As part of an effort to reorient its approach to enforcement, the U.S. Commodity Futures Trading Commission (CFTC) issued new guidance setting out its policy on self-reporting, cooperation and remediation in its enforcement activity.
In a new advisory on Tuesday, the U.S. derivatives regulator detailed how it will treat the actions of both companies and individuals when determining whether to bring an enforcement action, and on the sanctions that it will seek in specific cases.
Among other things, the advisory sets out the rubric that the enforcement division will use to evaluate these factors, including a matrix that will guide the setting of monetary penalties — which could provide penalty discounts of up to 55% for exceptional cooperation.

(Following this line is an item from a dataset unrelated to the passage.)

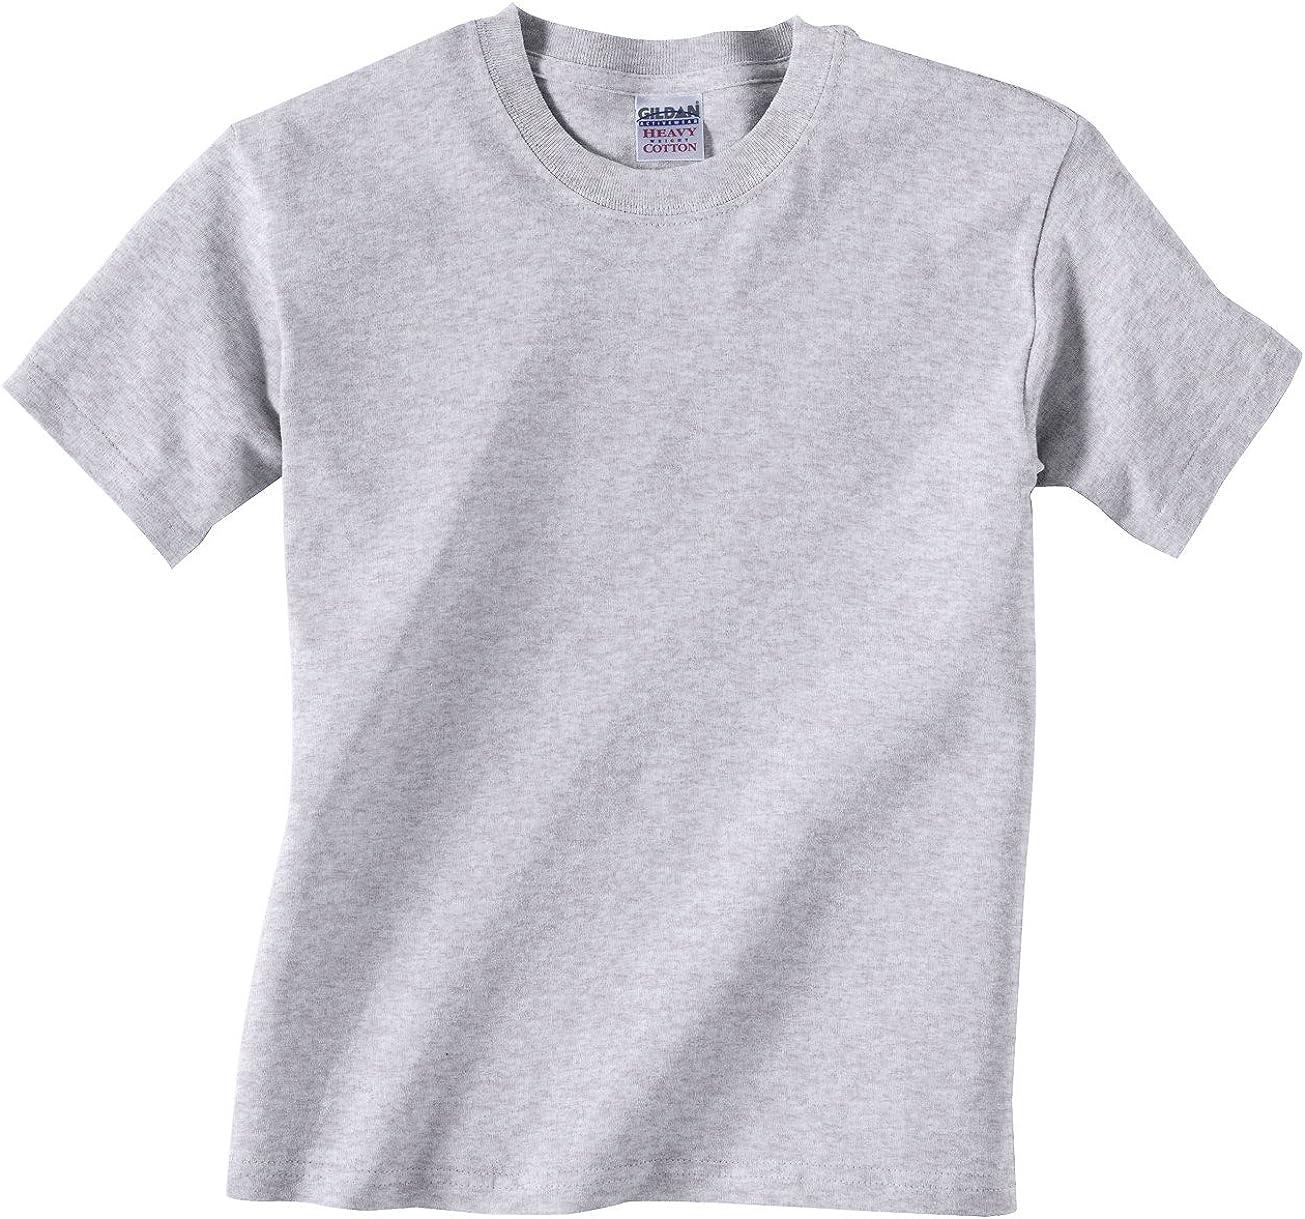 Gildan Youth 5.3 oz. Heavy Cotton T-Shirt, Ash, X-Large

With the new policy, the CFTC said that it seeks to promote compliance and ensure accountability for violators by “incentivizing self-reporting, cooperation, and remediation of potential violations.”
“By making the CFTC’s expectations for self-reporting, cooperation, and remediation more clear — including a first-ever matrix for mitigation credit — this advisory creates meaningful incentives for firms to come forward and get cases resolved faster with reasonable penalties,” said acting chairman of the CFTC, Caroline Pham, in a release.
This approach will “enable the CFTC to do more with less,” Pham said, adding that it is “aligned with best practices for assessing penalties followed by the Department of Justice and other U.S. financial regulators.”